The chasm between Brook’s record so far in India and Pakistan embodies a career that, outside English shores, has been one of extremes. In England, Brook has been consistent but often frittered away starts: he has converted just one of his seven 50+ scores in Test cricket at home into a century.

Away from home, Brook’s Test returns have been spectacular. In 11 games, he averages 80, with seven centuries. Each of these Tests have been in either Pakistan or New Zealand, and generally played on flat wickets. In the few Tests on less benign pitches, Brook’s returns have been altogether less spectacular. When Pakistan embraced dry, turning wickets in the last two Tests in October, Brook hit 9, 16, 5 and 26, falling twice apiece to spin twins Sajid Khan and Noman Ali. In Hamilton in December, on a pitch with more bounce than in the first two Tests, Brook fell for 0 and 1, both times dismissed by Will O’Rourke’s searing pace.

In Australia, Brook has so far played only T20 matches. In 16 matches – seven in the Big Bash, and nine for England – Brook has repeatedly succumbed trying to clear the large Australian boundaries and averages just 8.07. There is considerable mitigation for this lamentable record: Brook has batted in the middle-order in each innings in that country, a notoriously volatile berth in T20, and is a far more complete player now.

Still, for all these caveats, Brook’s embryonic record in Australia is in keeping with his experience of playing overseas: he tends to flourish or flounder, with little in between. The question is whether this owes to simple randomness or particular traits in his game.

Brook’s astounding record in New Zealand and Pakistan illustrates his prowess on true wickets, when he can trust the bounce. His struggles in India and Australia have shown vulnerabilities combatting the two challenges that are reserved for batsmen in the top echelons of the game: mystery spin, especially on turning tracks, and high pace.

In the T20 series in India, Brook fell all five times to the leg-spinners Ravi Bishnoi and Varun Chakravarthy. Lacking a reliable method to accumulate, Brook resorted to attempting to clear the ropes. “Facing spin in T20 cricket is probably the hardest thing in the game,” Brook reflected. “Maybe I’ve got to rein in a little bit, but we’ll see. I think I do have a method. It’s just trying to do it consistently and more often.”

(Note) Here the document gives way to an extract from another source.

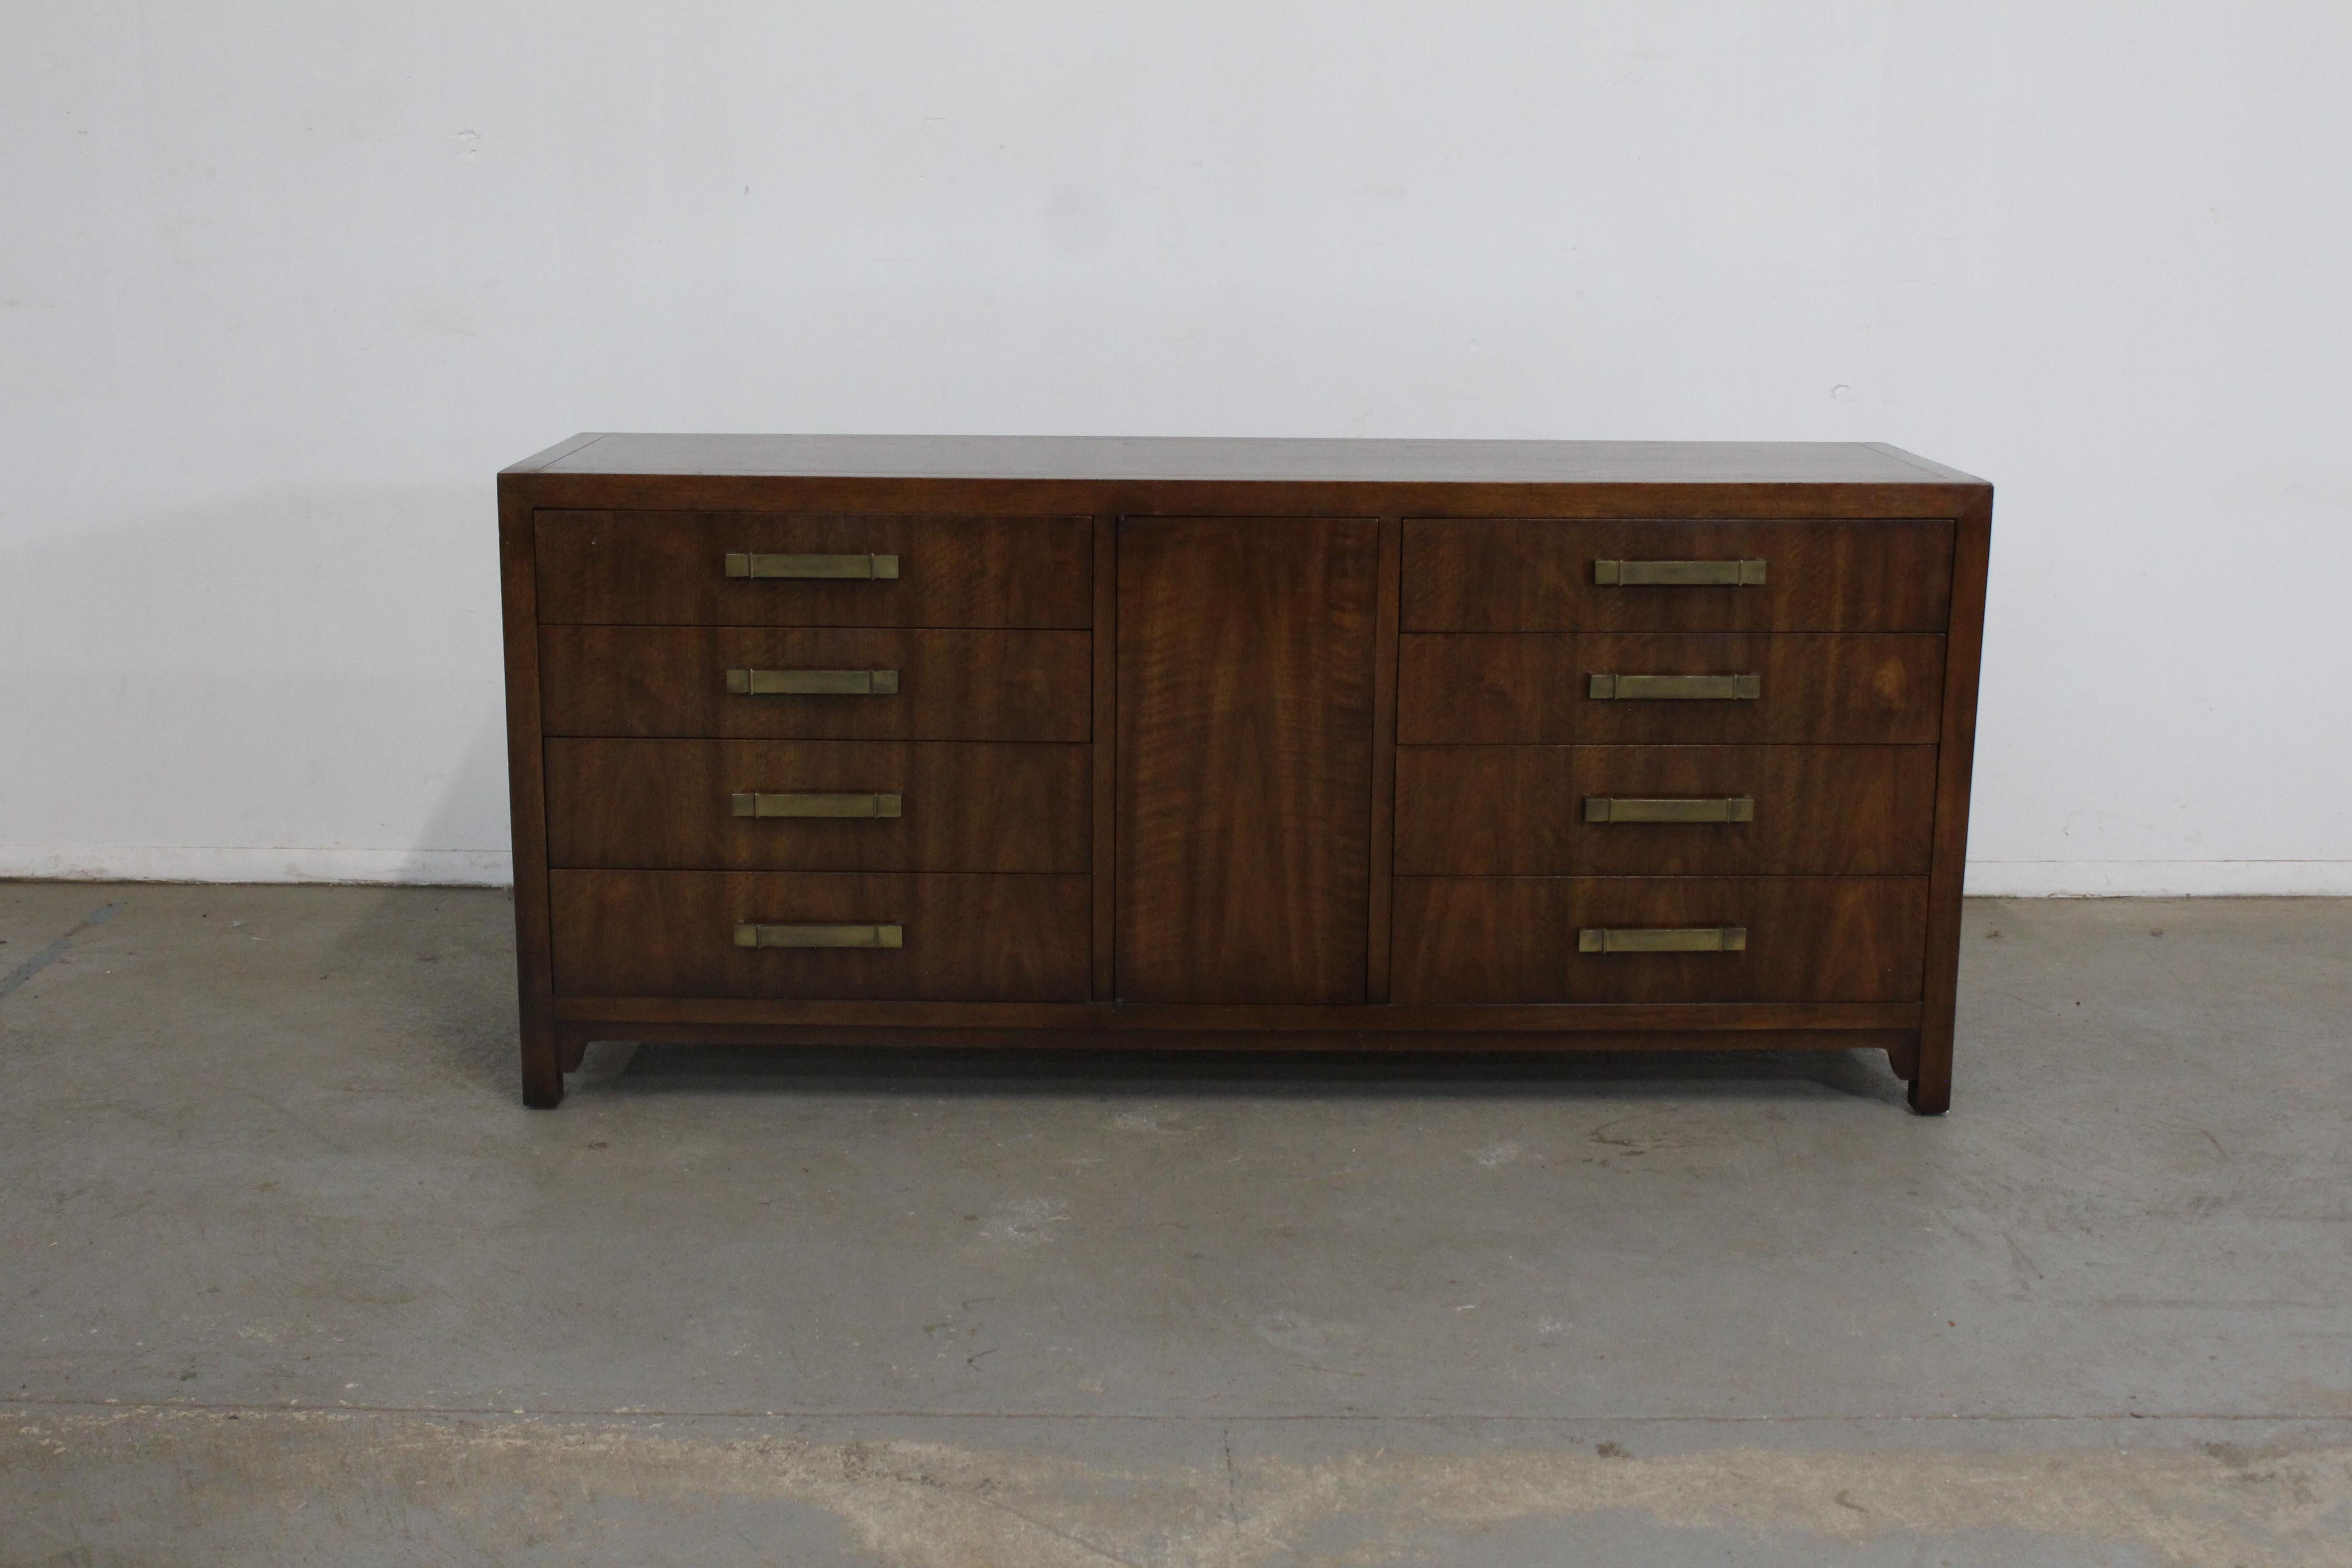 Mid-Century Modern Asain Credenza/Dresser Black Mahoghany by Heritage Furniture

Offered is a beautiful mid-century modern Asian-style credenza, made by Heritage. This piece will add style to any space or design project. We also have amtching Chest

In the ODIs, India then borrowed from the template of O’Rouke against Brook. Harshit Rana snared Brook for a duck with a bouncer in Nagpur, and dismissed him in the next two ODIs too. While Brook’s high hands are considered to render him vulnerable to rapid bouncers – a flaw hardly unique to him – he has fared better against this line of attack than extreme spin. He averaged 40.3 in the 2023 Ashes, when Australia often resorted to the short ball.

Brook must now be braced for these twin methods of attack in the Champions Trophy and the looming Test series at home to India and in Australia. Whenever he walks out to bat, Brook can expect to be met by an opponent’s quickest bowler, their best spinner – or both. How he responds will go a long way to defining England’s year.